Tom Solomon, co-coordinator of 350 New Mexico, said he does not see hydrogen as playing a role in New Mexico’s future. At the same time, he said a bill that did not include hydrogen produced from natural gas would have been more palatable.
Solomon said hydrogen from fossil fuels feed stock is not the answer.
“They would increase the amount of fracked methane to make that hydrogen,” he said, adding that each iteration of the hydrogen bill had large numbers of people speak out in opposition during public comments.
He said this would lead to methane emissions from the extraction of natural gas as well as transportation.
Solomon said the Paris Climate Accord calls for a transition away from fossil fuels and that New Mexico should be moving away from extraction in light of the climate crisis.
Feibelman said most people don’t know where hydrogen comes from or where the power comes from that is used to separate the hydrogen from the carbon, in terms of hydrogen produced from natural gas. The majority of hydrogen energy today is made using methane from natural gas.
Additionally, Feibelman said most people don’t know what hydrogen is used for. In terms of fuel cells for vehicles, Feibelman said that is a clean use, but combustion of hydrogen is not.
Nanasi said the bill not passing does not end the hydrogen discussion in New Mexico. She said she will be fighting a hydrogen proposal from a natural gas company that is before the PRC.
Clean Future Act
Solomon also spoke about the Clean Future Act, which he said saw tremendous progress over its various iterations.
“There was a whole series of consultations with impacted communities and stakeholders and it got better and better and better,” he said. “I think it’s final version is a bill well worth passing and would make New Mexico a real climate leader.”
In terms of decarbonizing sectors like transportation, Solomon said the infrastructure needs to be built out for electric vehicle charging. He highlighted several funding initiatives to do this.
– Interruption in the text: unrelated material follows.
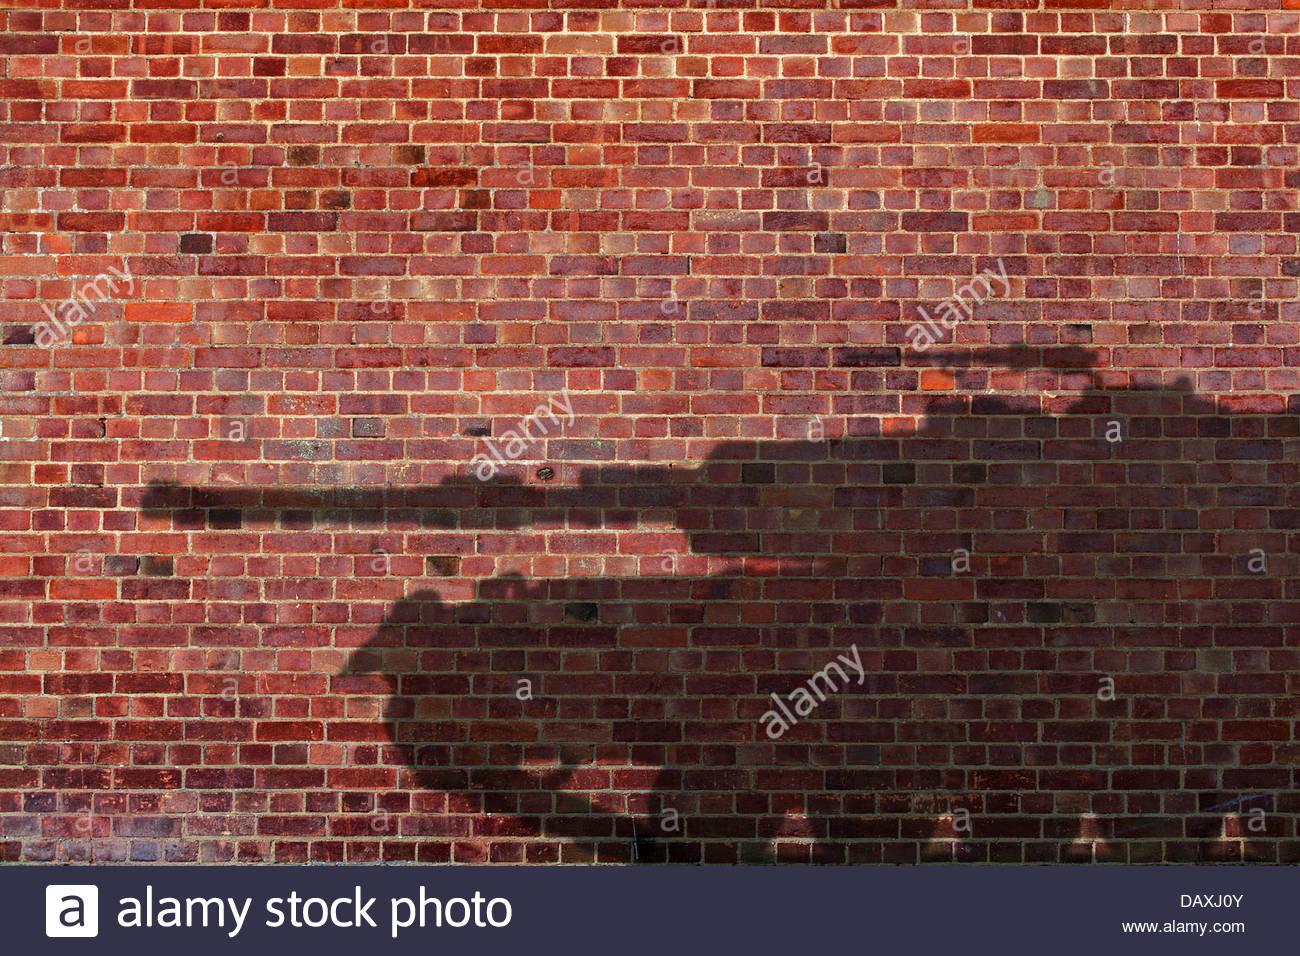 tank shadow - Stock Image

At the same time, he said SB 21, sponsored by Sen. Bill Tallman, D-Albuquerque, which would have provided tax credits to assist low-income people wanting to purchase electric vehicles, failed to pass the legislature. The legislation made progress during the last week of the session, receiving a do pass recommendation from the Senate Finance Committee on Feb. 15, but was not heard on the Senate floor.
As for the bills that failed, Feibelman said the Sierra Club will continue to push for environmental legislation in future sessions.
She said not passing well-vetted legislation that has been introduced in multiple sessions intended to address climate change “is a huge loss for New Mexico.”
“That should be our top priority in the state,” she said.